Consensus sampler for multiple DNA alignment

Lazareva B., Haussler D.

UCSC, SANTA Cruz, CA 95064, haussler@cse.ucsc.edu, FAX(408)459-4829

We solve a problem of finding the best consensus of non-specified length for a set of sequences assuming that the parameters of insertion, deletion and mismatch errors are fixed. Our algorithm performs MCMC sampling of consensus in the sequence space and finds the optimal and suboptimal consensus sequences. This setting is somewhat complimentary to the setting in profile HMM multiple alignment, where all the alignment parameters are learned from the data and the consensus length is fixed. The new algorithm, using MCMC but being inflexible in parameterization, is capable of exploring a wider set of consensus sequences without getting stuck in a local mode. This becomes crucial in the case when sequences are highly diverged and need many indels to be aligned to consensus.

The algorithm is shown to find the optimal consensus for sequences simulated with high mismatch and indel probabilities. On simulated data it appeared to be robust to the error rate parameters used in the algorithm. When the sequences were noisy (the error rate of about 0.1) consensus sampler was still able to restore the true consensus, while an HMM profile model trained with expectation maximization usually failed to do this. This is because if indels are a priori likely, a profile HMM model will get stuck in a local mode in which artificial, highly conserved match states are created by indels, and if indels are a priori unlikely, then an profile HMM model tends to misalign the sequences,and thus produce artifically dispersed distributions in match states, leading again to a local mode.

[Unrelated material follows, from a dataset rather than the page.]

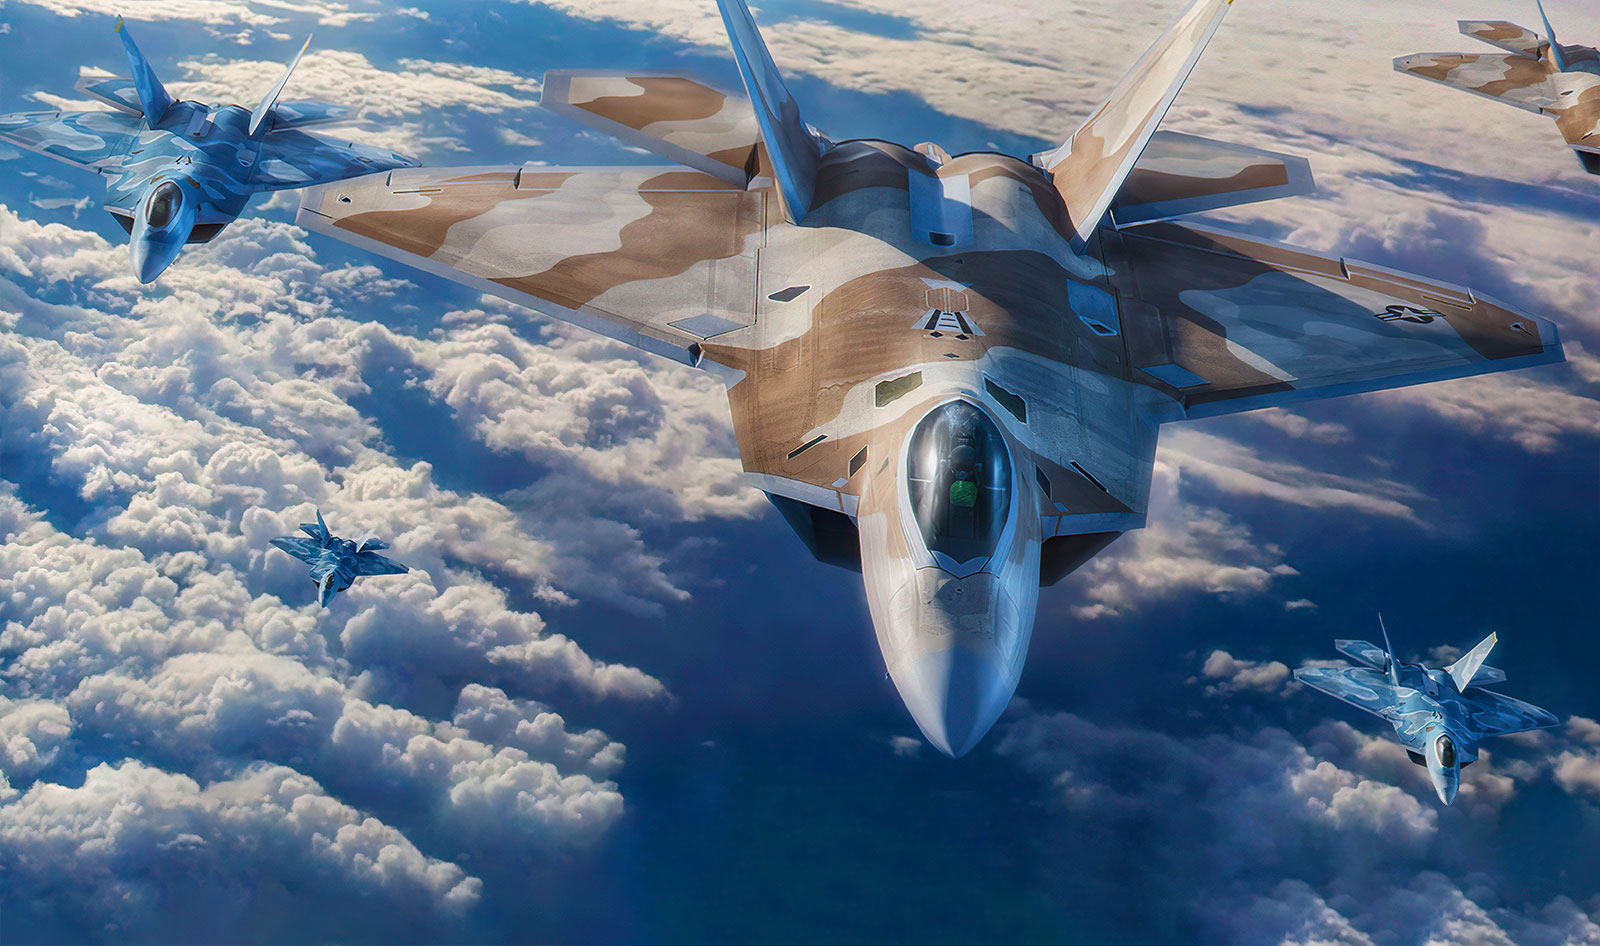 20 fotos impresionantes que demuestran que el F-22 es una potencia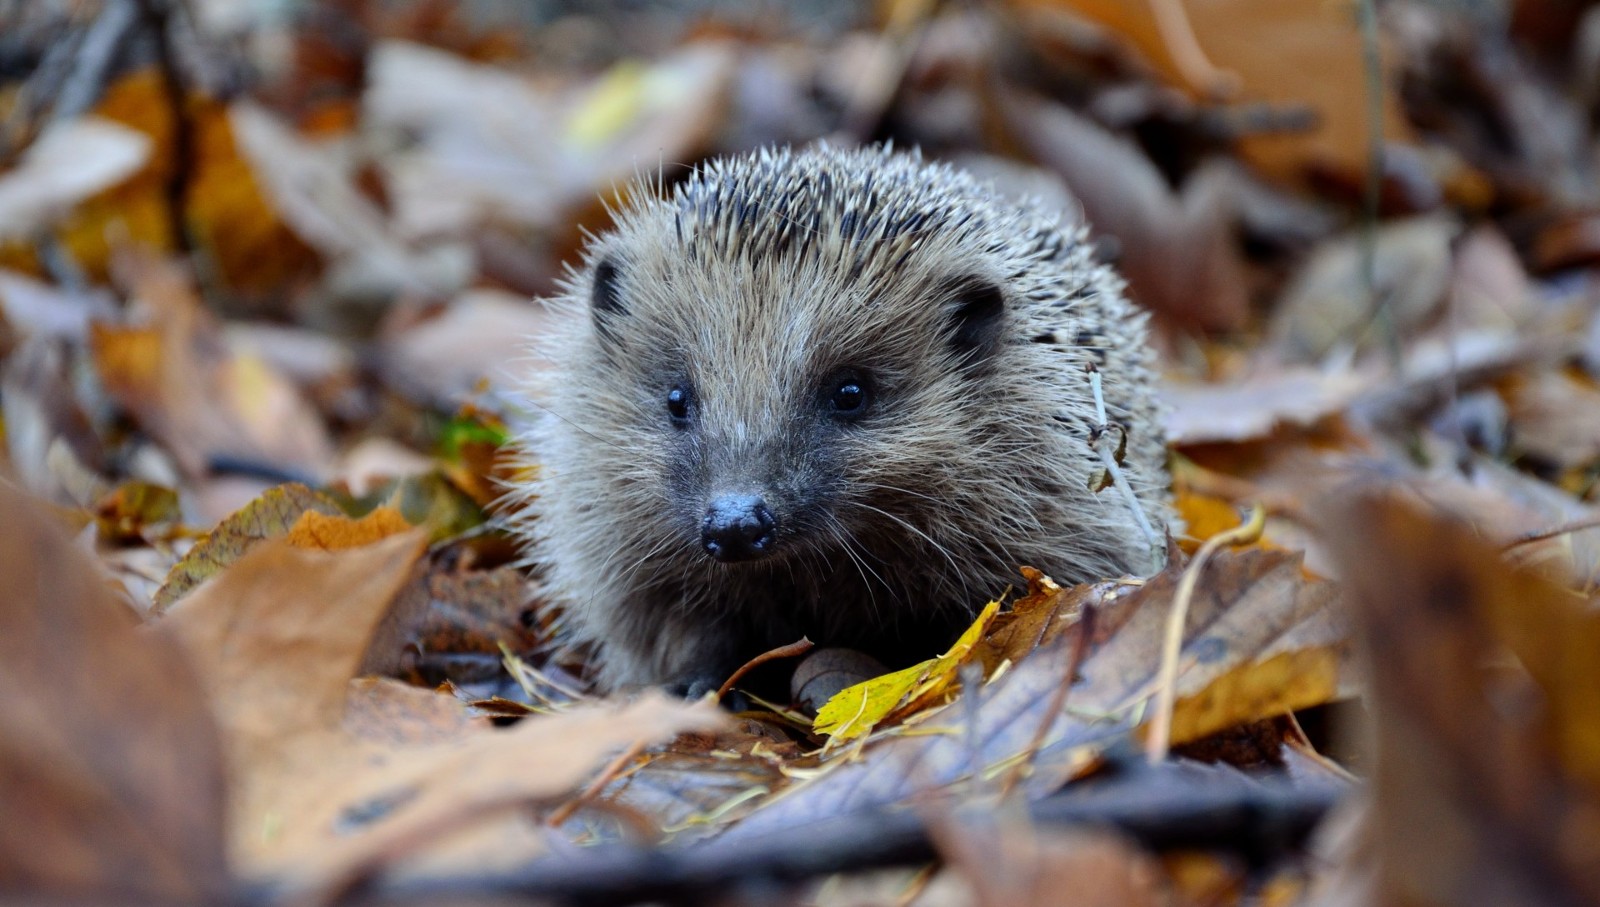 A photo of a hedgehog amongst a pile of dried leaves

By allowing wild cards in the consensus, in particular 'N',the algorithm is capable of detecting conserved regions of the alignment. When tested on E.Coli promoters the algorithm found consensus for -35 and -10 regions and aligned sequences to those regions. For yeast introns the alignment produced conserved regions at branch point, 5' and 3' sites. Since indels do not play any role in these functional sites, the HMM alignment also succeeded in finding those conserved patterns.

We describe the method and illustrate it with examples.